SAN DIEGO—Is genetic testing in psychiatry a dangerous development or a useful addition to a clinician’s toolkit?

A panel of mental health professionals debated this question before hundreds of people at the American Psychiatric Association’s annual meeting Monday, sharing insights on several potential benefits and pitfalls of the increasingly common practice.

Presenter James L. Kennedy, MD, who has been researching genetic testing for 20 years, believes it can be useful in mental health treatment, but that it is far from imperfect and requires more research. Dr. Kennedy is professor and co-head, Division of Brain and Therapeutics at the University of Toronto in Ontario, Canada.

“These tests are not meant to be the be-all and end-all but they’re just another source of information,” he said.

Genetic testing debate
    A panel debates genetic testing at the American Psychiatric Assocation's annual meeting.

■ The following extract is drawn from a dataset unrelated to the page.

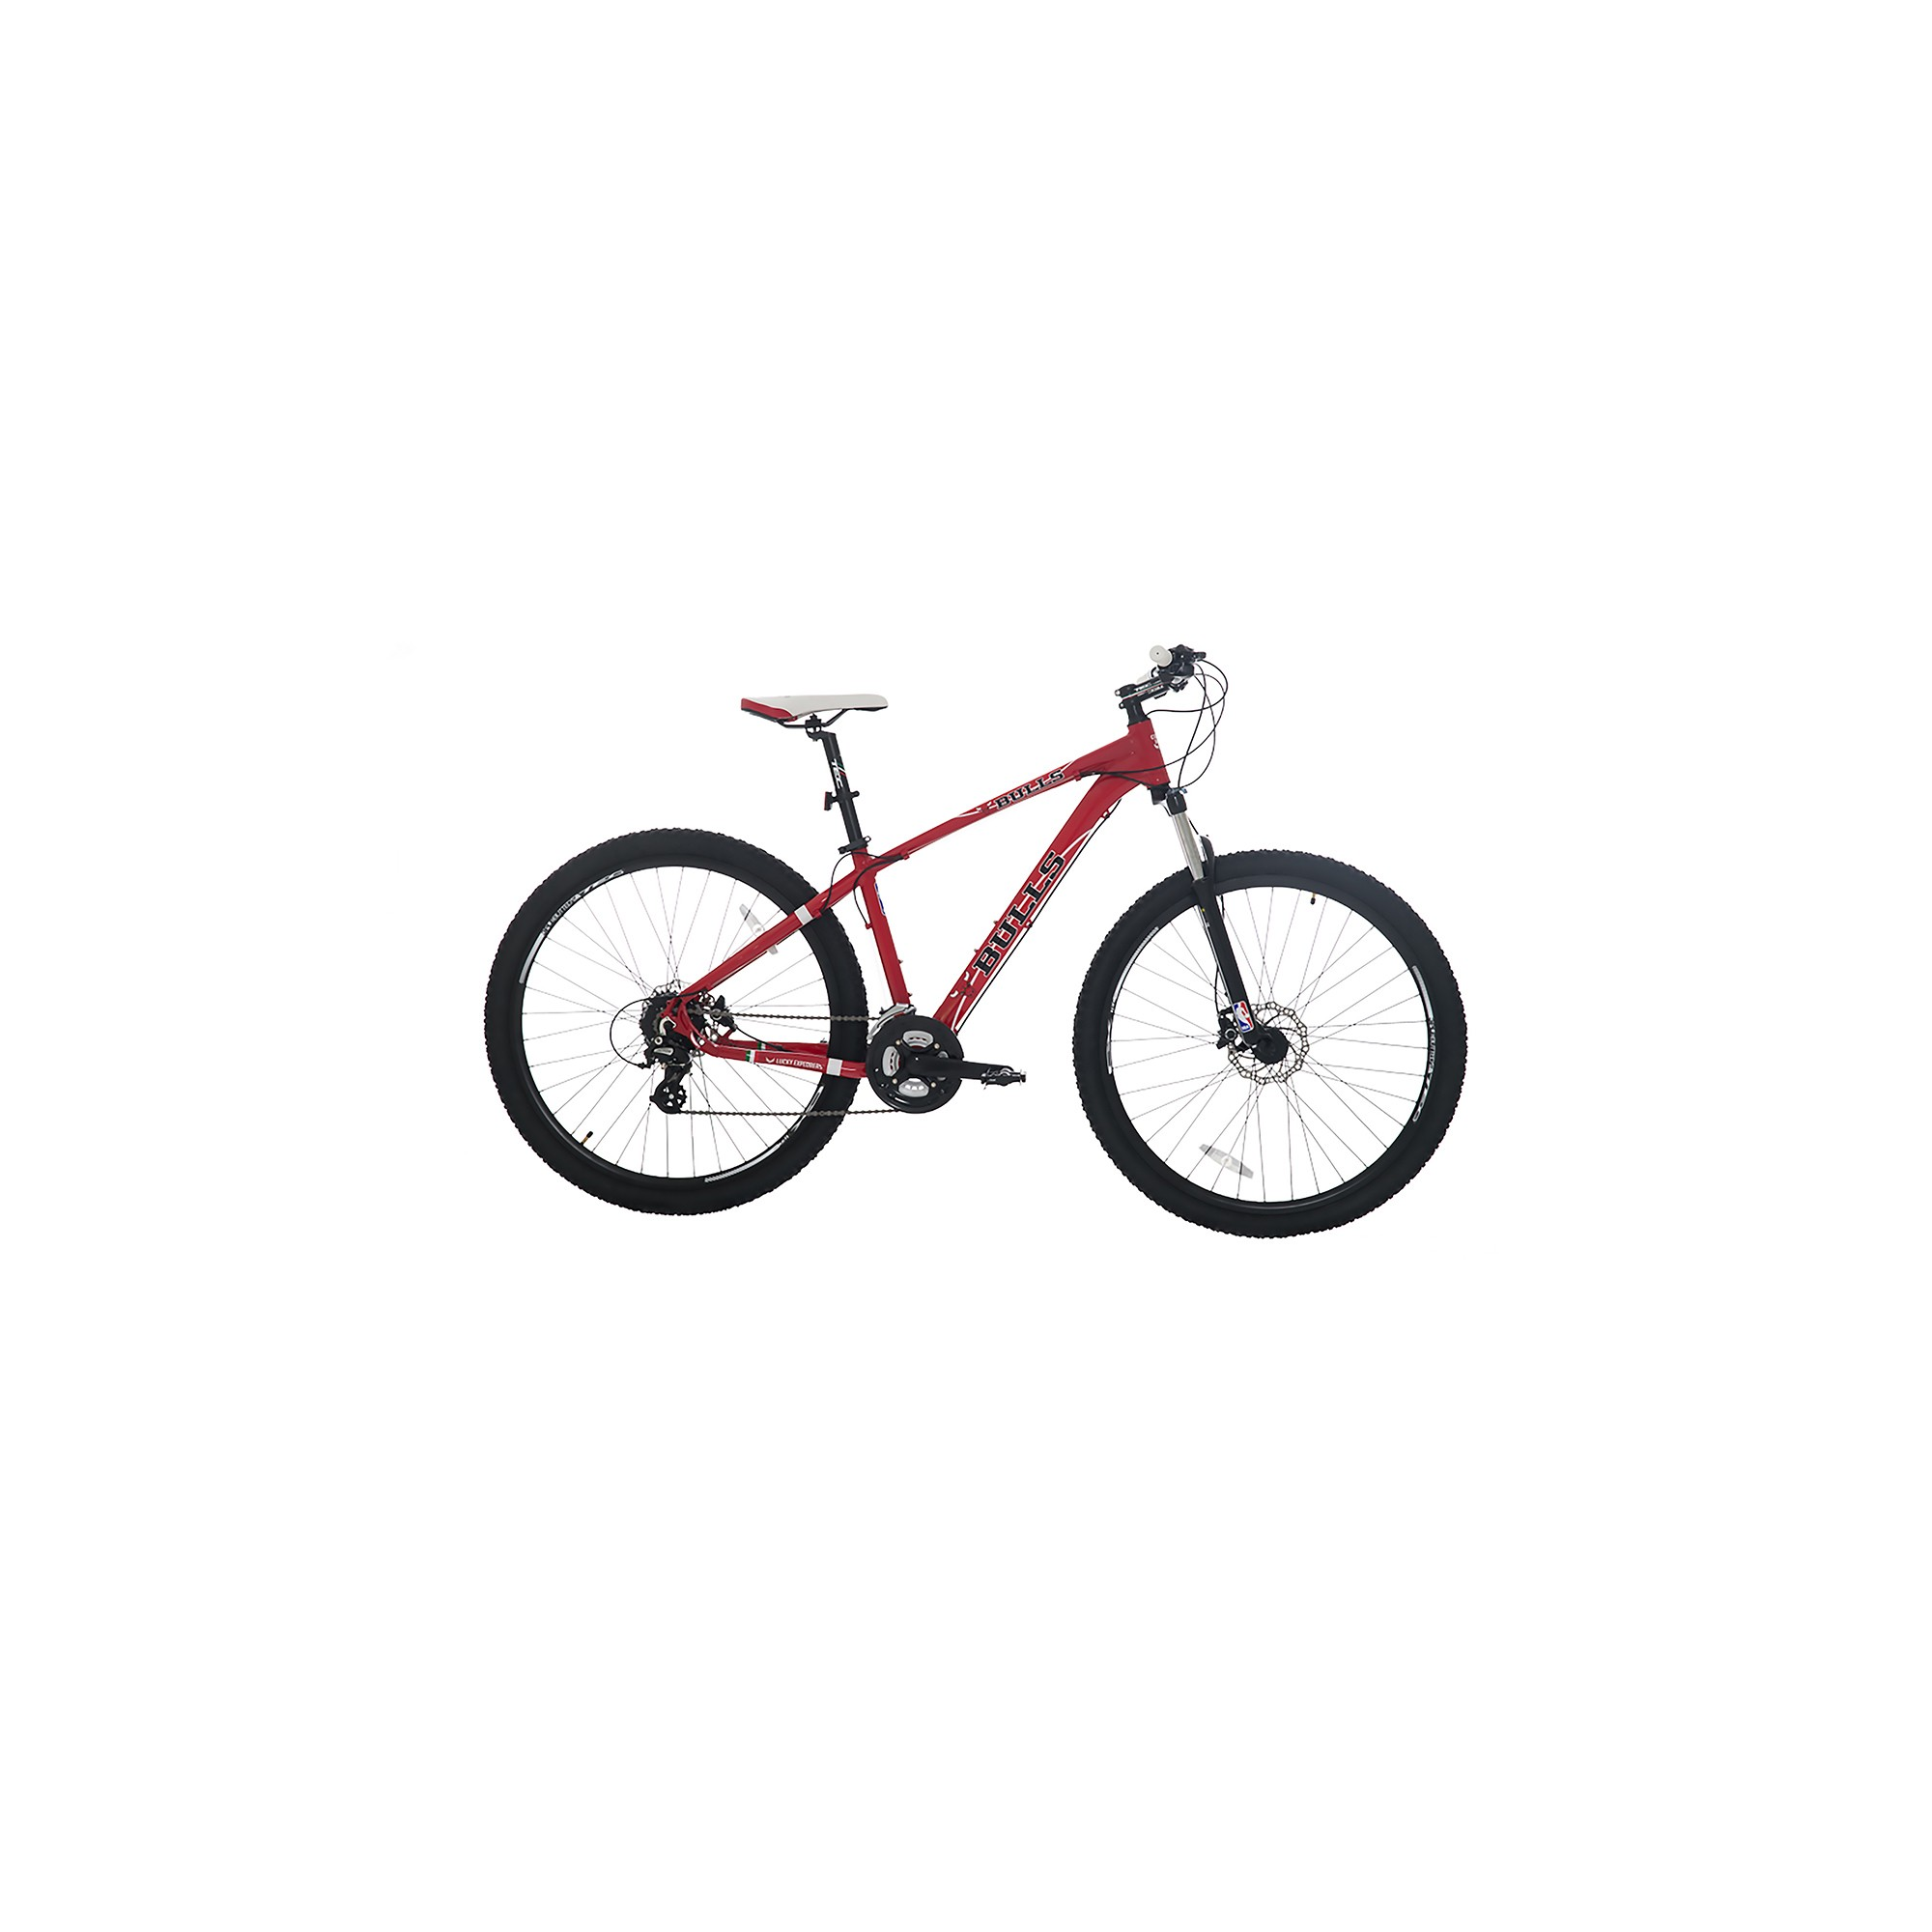 Chicago Bulls 29 Mountain Bike

With the proliferation of direct-to-consumer genetic tests offered by companies such as 23andMe and, patients have the ability to independently order their own tests and get information about their DNA. But that autonomy has downsides, Dr. Kennedy said, as the information can easily be misinterpreted.

“The best thing is to have a physician or someone in the know who can interpret and caution you about overinterpreting some of the genetic information that you’re getting,” he said.

Tests for single-gene disorders, such as Huntington’s disease, are simple and highly accurate. But many others, such as tests assessing the risk of prostate cancer, are much more complex and prone to different interpretations, according to Dr. Kennedy.

“These tests are really not ready for prime time,” he said.


In addition, certain test results can have significant emotional effects on patients, Dr. Kennedy said. For example, an easily available test tells patients if they have a gene that gives them a 95% chance of developing Alzheimer’s disease. Learning they have that gene could induce depression in a patient, increase the risk of suicide, and cause worry among family members, Dr. Kennedy said.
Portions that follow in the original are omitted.